Not everything in a software project can be counted (easily), a family of techniques known as proxy-based estimation helps overcome this challenge. The techniques rely massively on the ability to process raw historical data of an organization.
Software estimation can also take advantage of wisdom of the crowds by creating the right environment to support this idea.

Count, Compute, Judge

People have the tendency to mistake estimation with judgement (or, in another word, guess). However, researchers have found that judgement alone is the most inaccurate form of estimation. Estimation experts are more likely to perform better than newbies with judgement alone, but in fact, that result comes from a wide range of historical data, experience and painful stories the experts have been through in their career. Was the estimation made in an inexperienced field, no different in performance was observed.

Under the light of statistical science, counting and computing are proven to be more reliable. You should always count related things first, then compute what you can't count and finalize the estimation with calibration data. Only use judgement as the last resort.

There are many things you can count in a software project. Per the cone of uncertainty, the later in the project, the finer the level of granularity you can count at.
In order to avoid being paralyzed by choices, there are a few rules of thumb we can use to decide what to count.
  • As size is the strongest influence in a software project, count something that closely reflects the project size
  • Thing that can be count early in the project is better than something we need to wait till later
  • To get benefits from historical data (like pro estimators), we better count something consistent between projects
  • Count something that woud result in a relatively large number (like 20 or more) so that we can take advantage of the law of large numbers. The law states that the erros on the high side and errors on the low side cancel each other out to some degree.
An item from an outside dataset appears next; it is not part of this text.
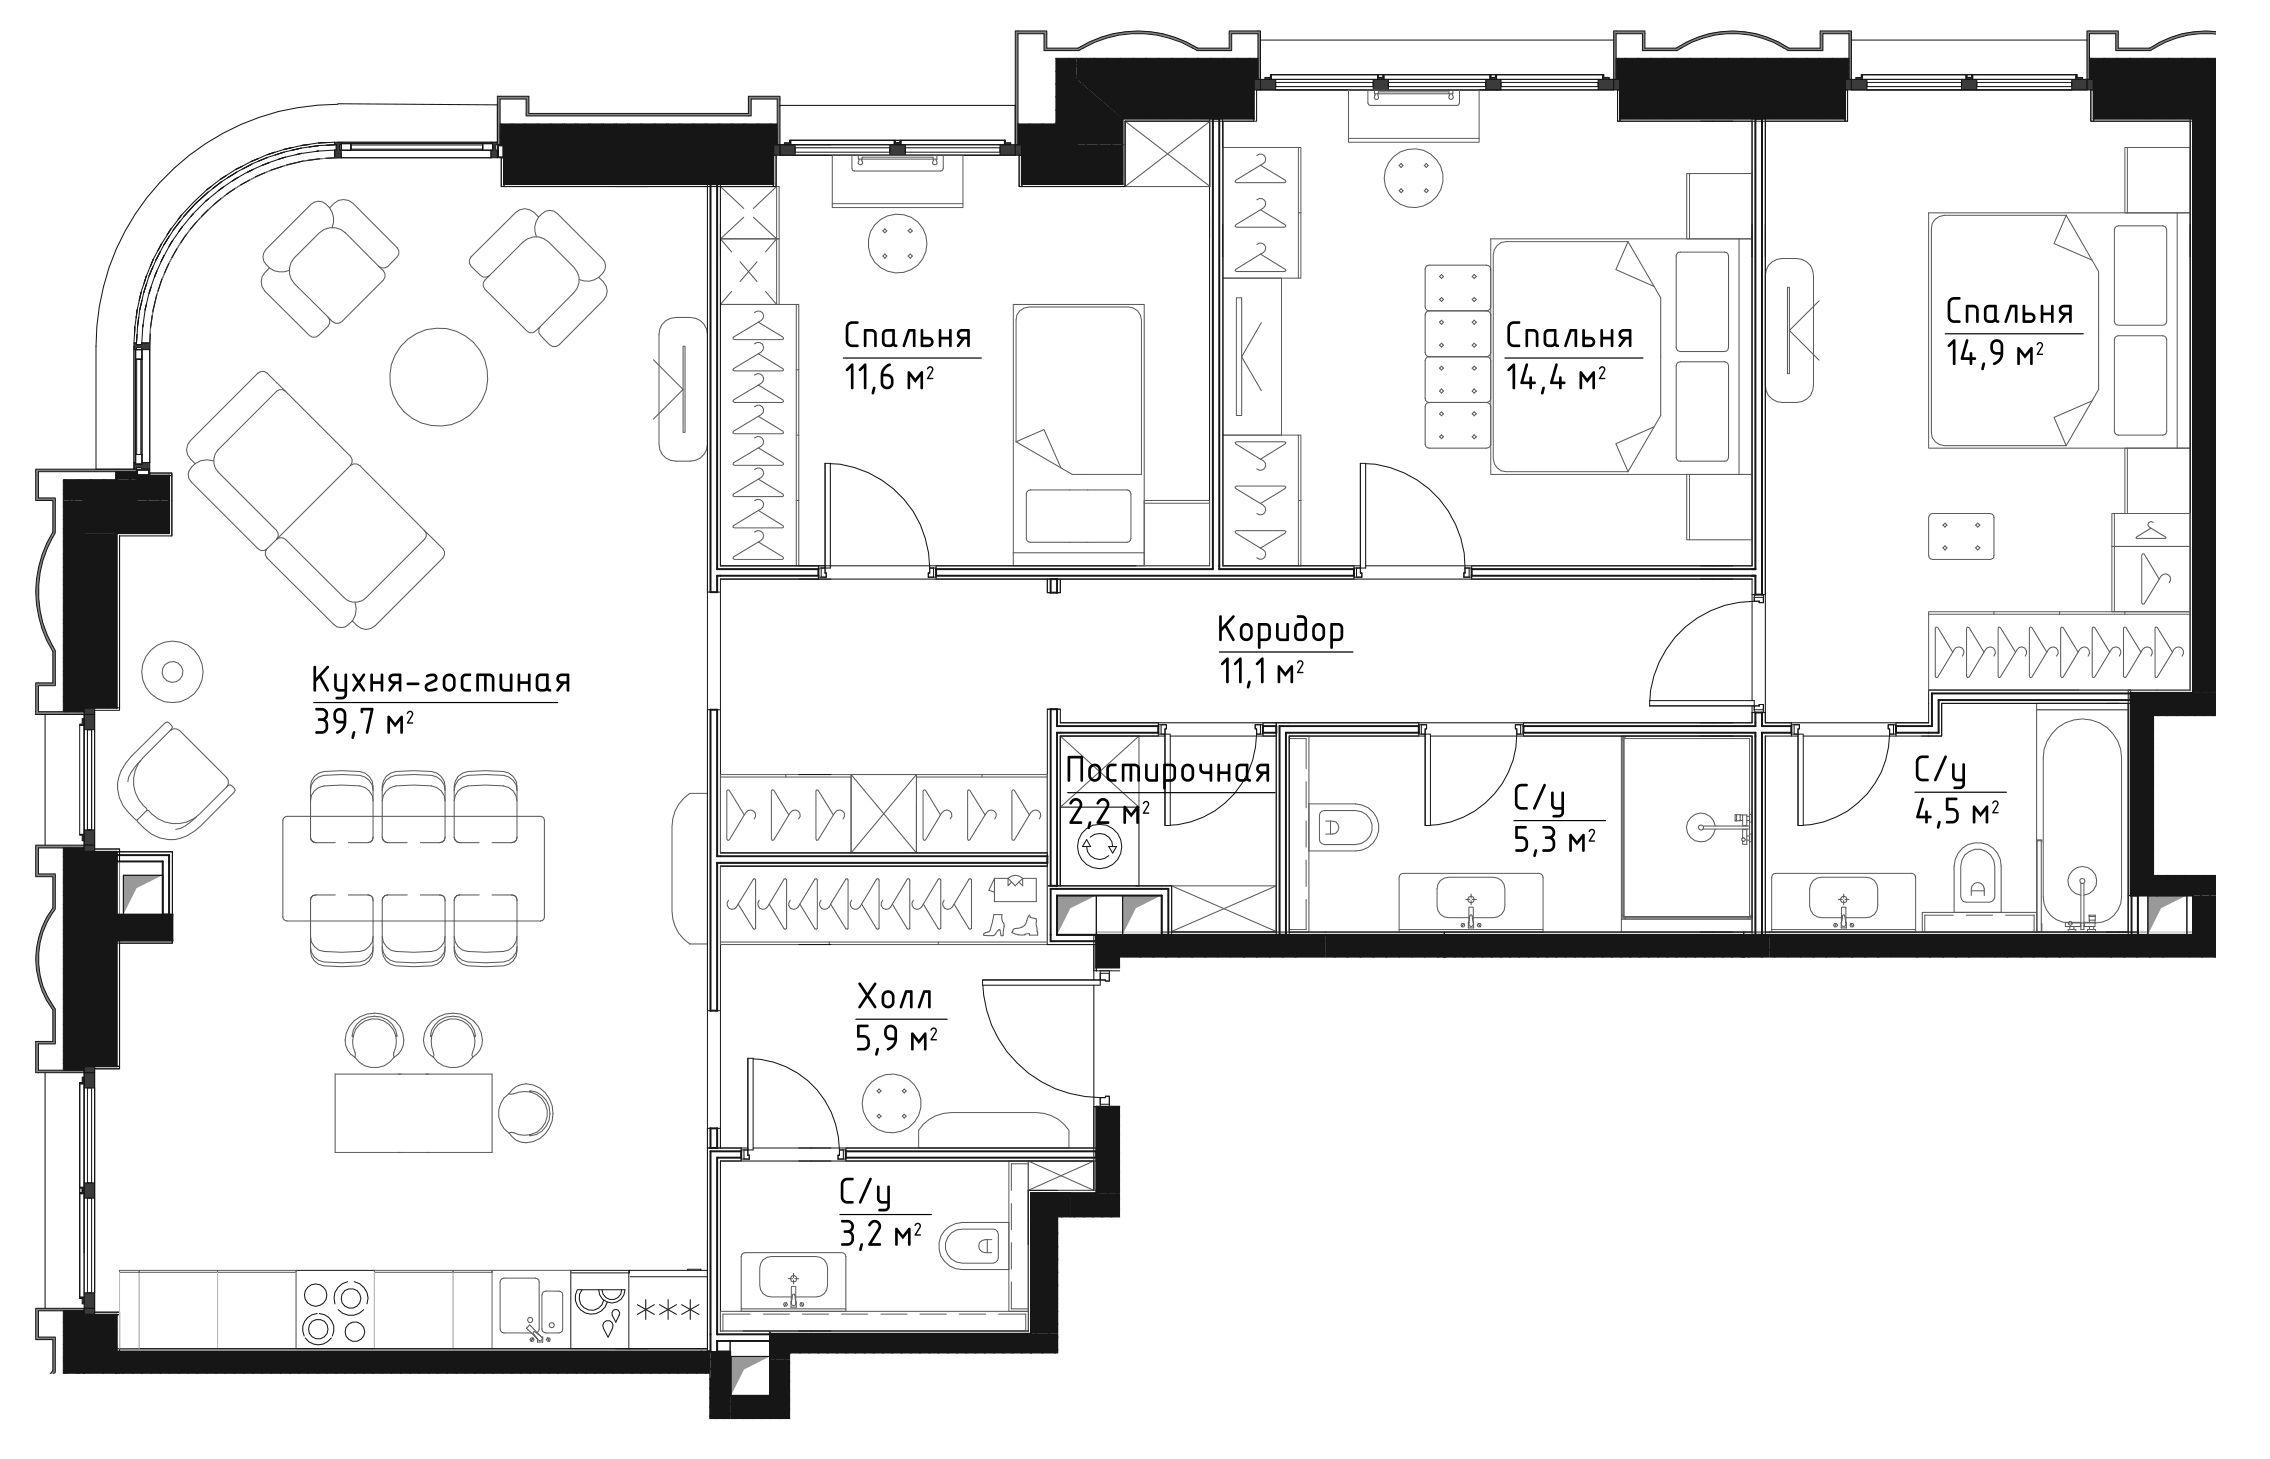 4Е-к.кв, 112.8 м²

Decomposition by Work Breakdown Structure

In the last post, we have already listed omitted activities as one of the major sources of estimation error. Omitted activities consists of forgotten features and forgotten tasks. Forgotten features can be reduced by thorough requirement engineering and experience. In general, this requires much practice and retrospection to improve. Forgotten tasks, on the other hand, can be improved dramatically by checking our work against an activity-based work breakdown structure.


Justify Probability Statement

Even though, judgement is very subjective, we cannot avoid that. After all the counting and computing, judgement is needed for the actual numbers. Educated guess is better than blind guess, and here is how can we make one. We have learned that estimate is a probability statement, we should stop using single-point number as reliable estimate. Best Case and Worst Case make a good start, it is more likely to catch actual hours somewhere in the middle and makes us more comfortable.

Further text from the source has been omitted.